* **What the task requires**
Copy down the listing below exactly. Do not include pictures.

* **Input data**
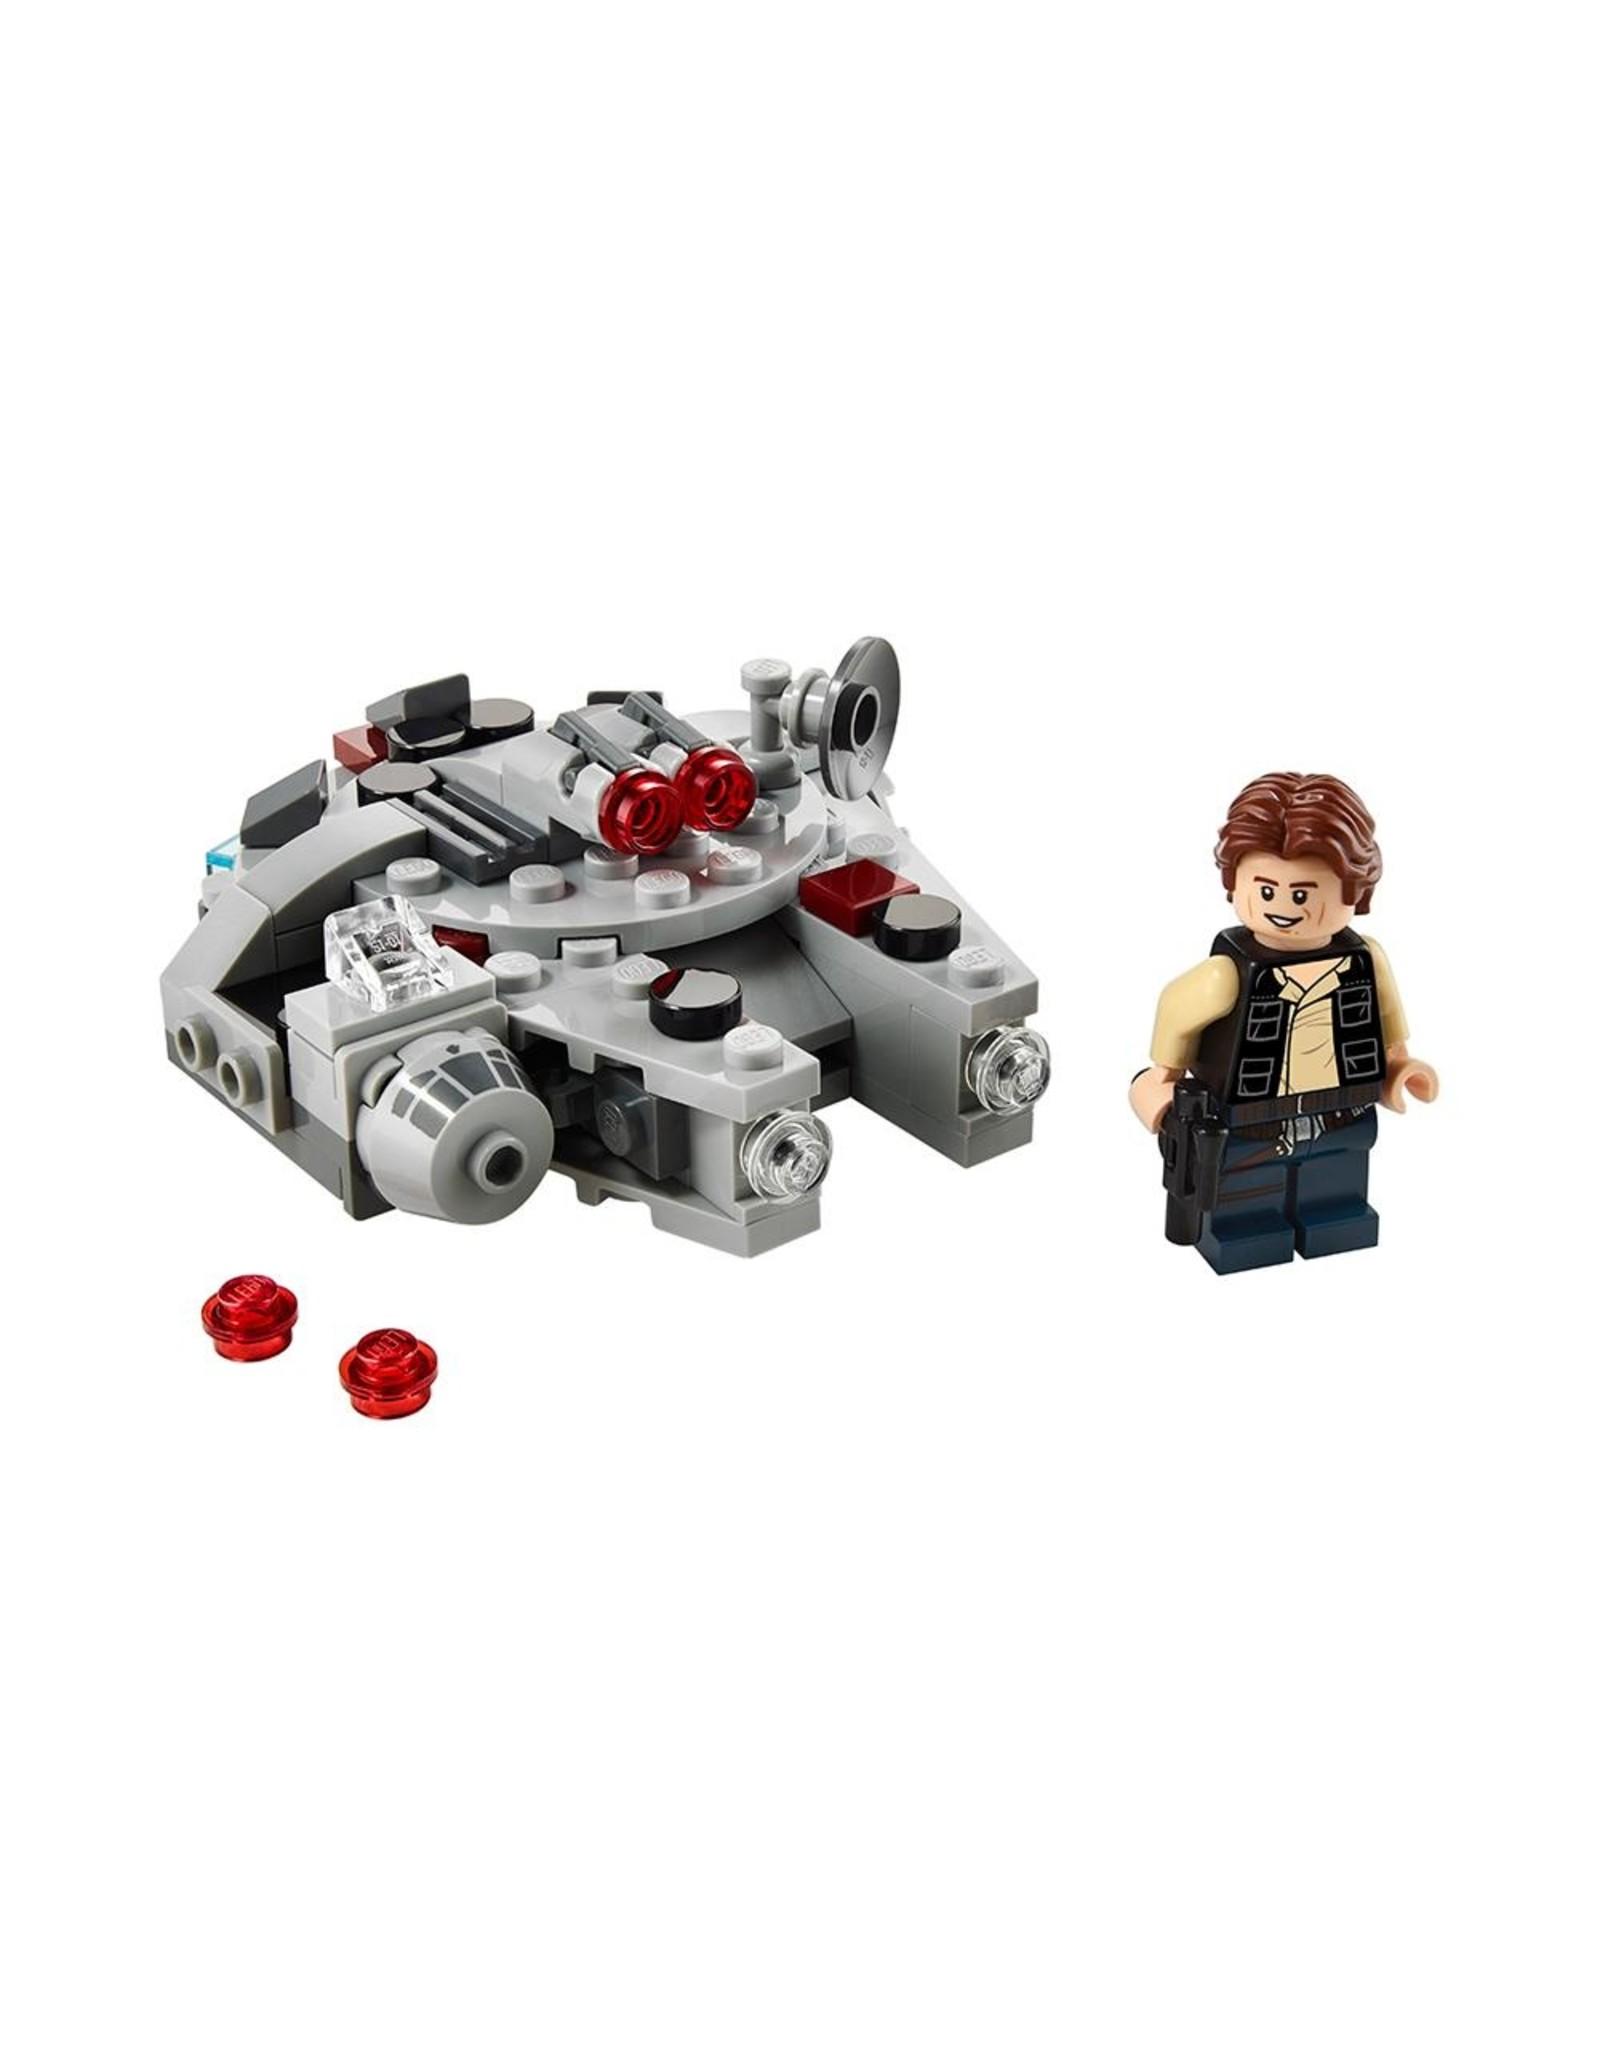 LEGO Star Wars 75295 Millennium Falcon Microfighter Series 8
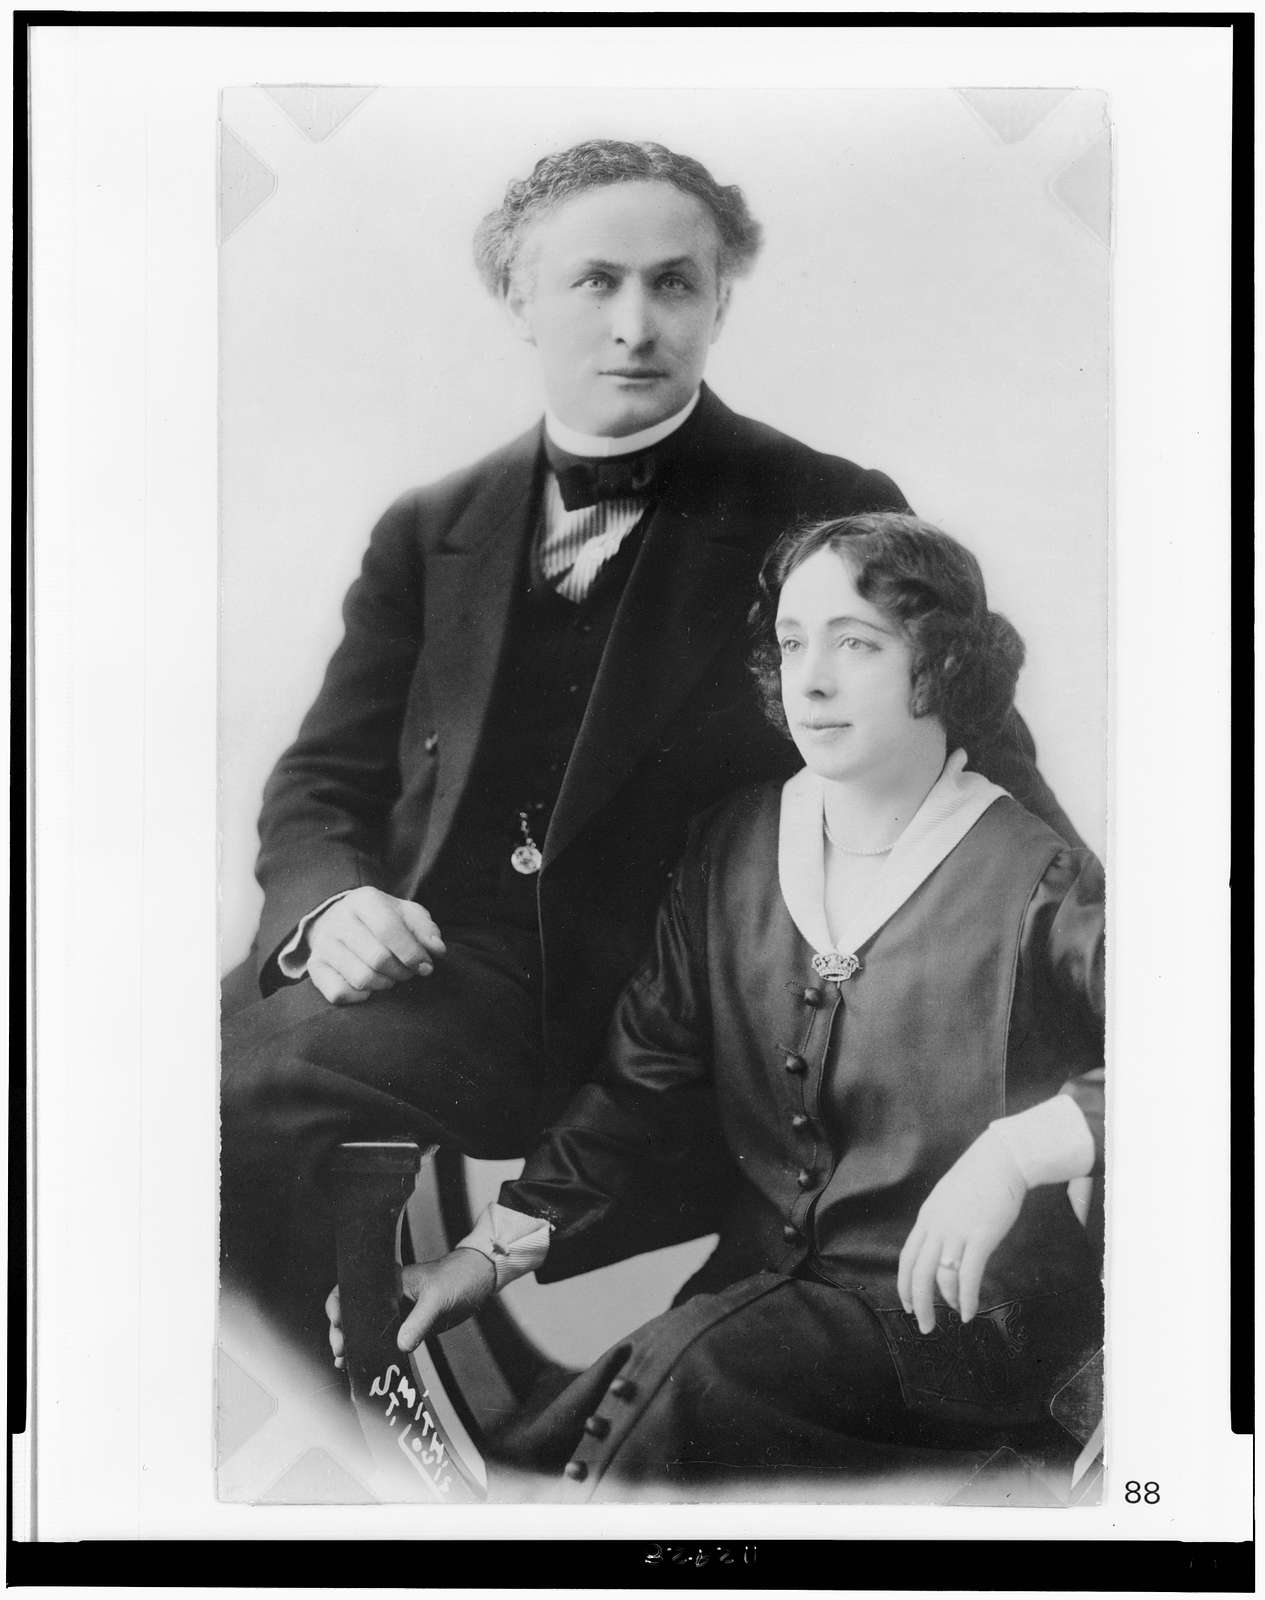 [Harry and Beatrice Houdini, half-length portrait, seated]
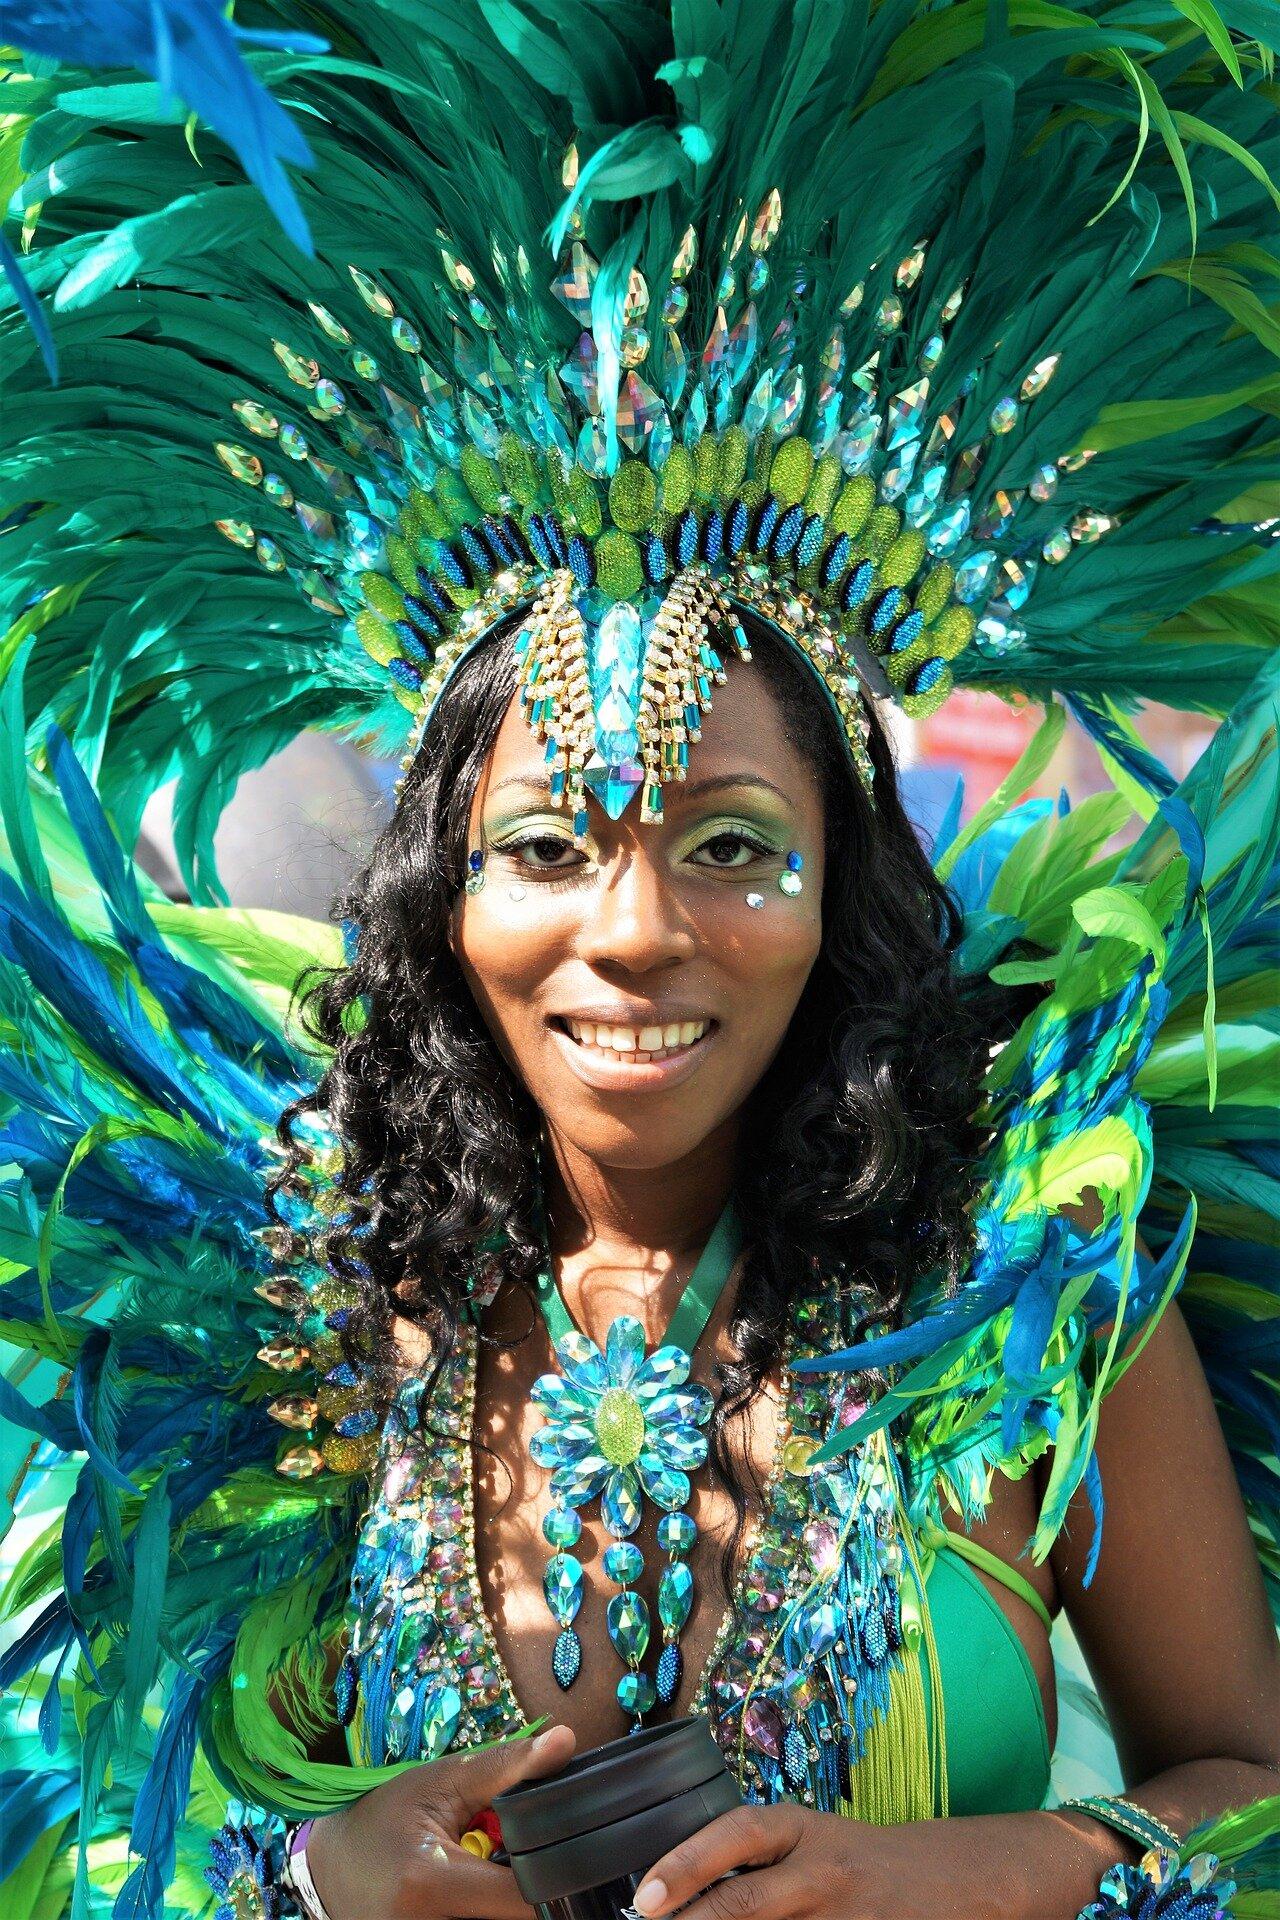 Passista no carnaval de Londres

* **Written answer**
 LEGO Star Wars 75295 Millennium Falcon Microfighter Series 8
 [Harry and Beatrice Houdini, half-length portrait, seated]
 Passista no carnaval de Londres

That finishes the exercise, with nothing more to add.